INVESTIGATING SEQUENCE-LEVEL NORMALISATION FOR CTC-LIKE END-TO-END ASR
Zeyu Zhao, Peter Bell
-
SPS
IEEE Members: $11.00
Non-members: $15.00Length: 00:07:57
End-to-end Automatic Speech Recognition (E2E ASR) significantly simplifies the training process of an ASR model. Connectionist Temporal Classification (CTC) is one of the most popular methods for E2E ASR training. Implicitly, CTC has a unique topology which is very useful for sequence modelling. However, we find that by changing to another topology, we can make it even more effective. In this paper, we propose a new CTC-like method, for E2E ASR training, by modifying the topology of original CTC, so that the well-known abuse of the blank label in CTC can be resolved theoretically.

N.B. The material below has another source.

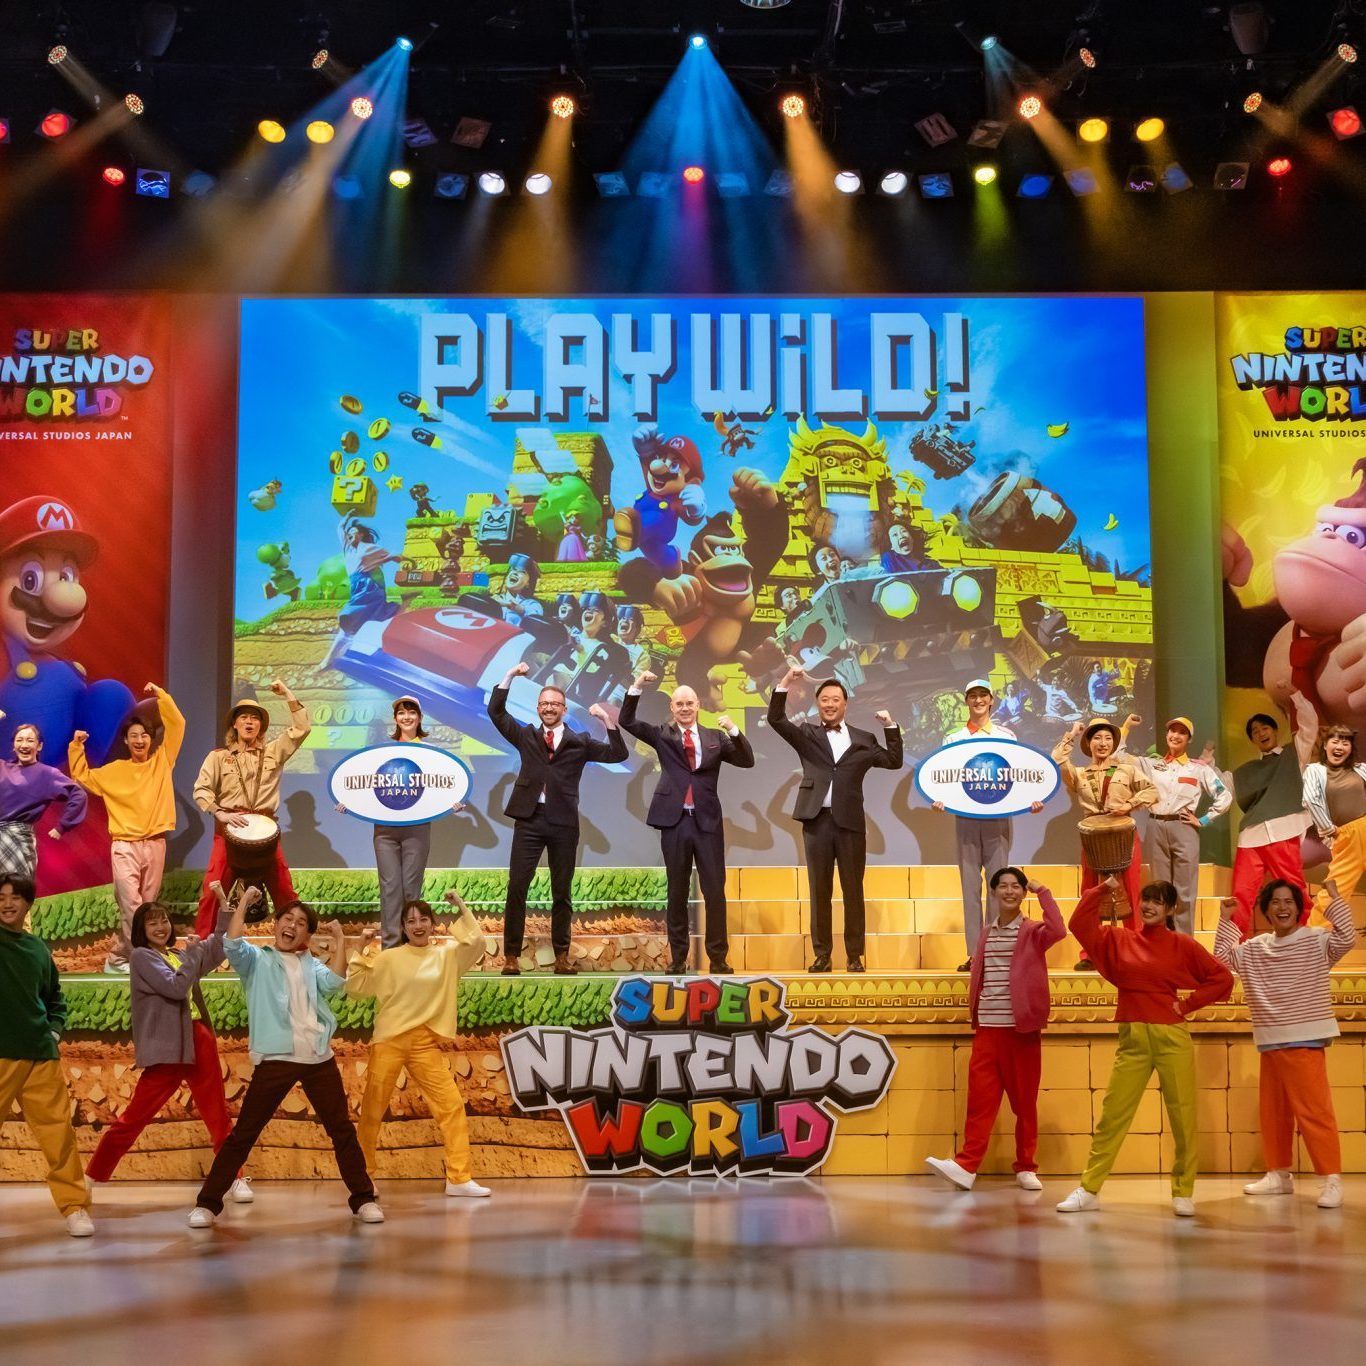 スーパーニンテンドーワールドジャパン（Super Nintendo World Japan）にドンキーコンカントリー（Donkey Kong Country）が登場する予定です。
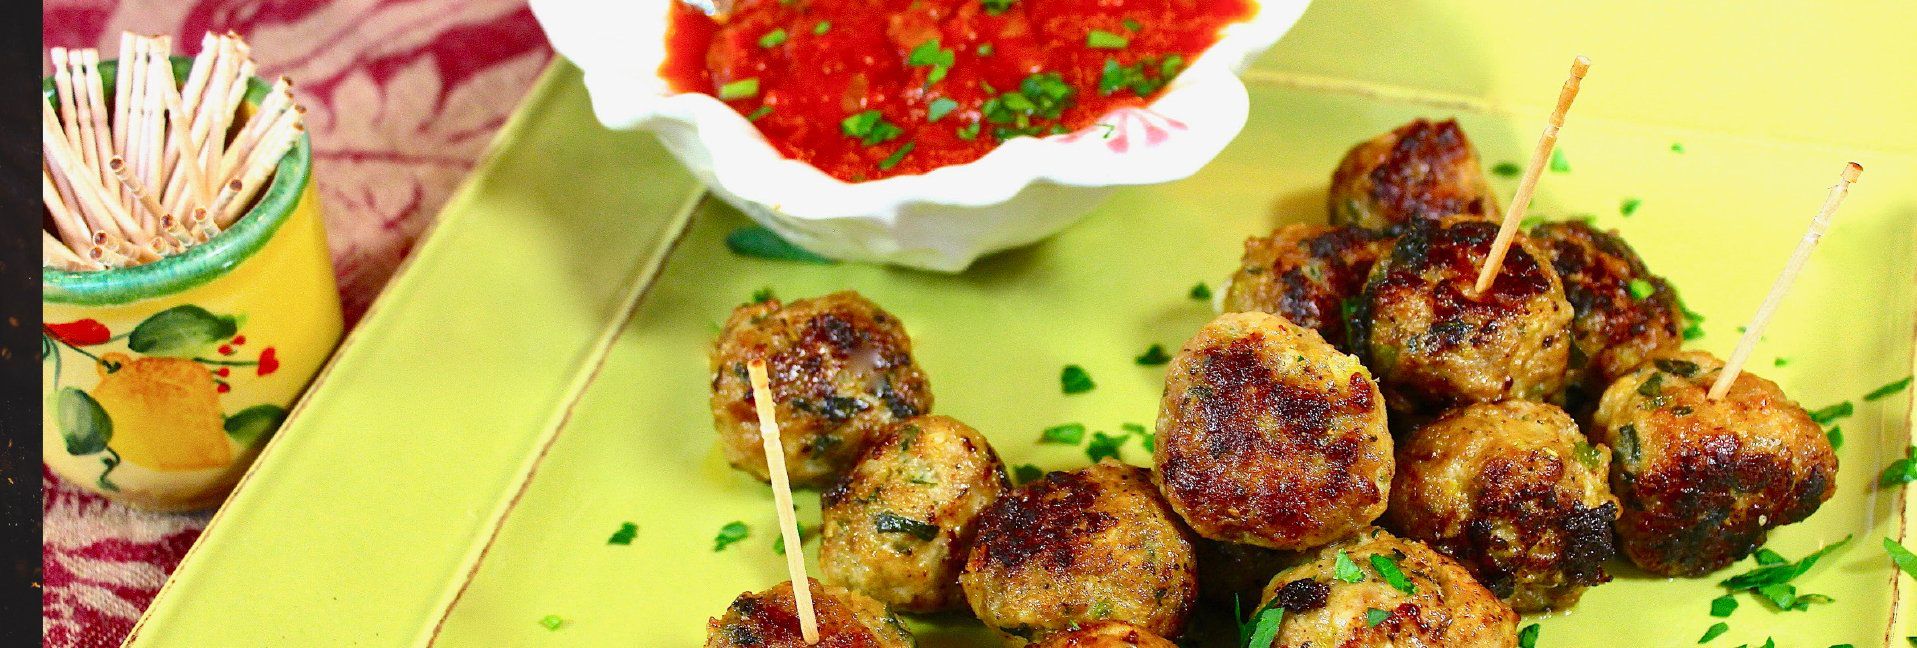 Italian Turkey Meatballs

As we change the topology, a normalisation term is necessary, which makes the form of the final loss function similar to Maximum Mutual Information (MMI); we hence name our method MMI-CTC. In addition to maximising the posterior probability of the target sequence, the normalisation enables models to explicitly minimise the probability of competing hypothesis at the word sequence level. Our experimental results show that MMI-CTC is more efficient than CTC, and that the normalisation is essential for sequence training.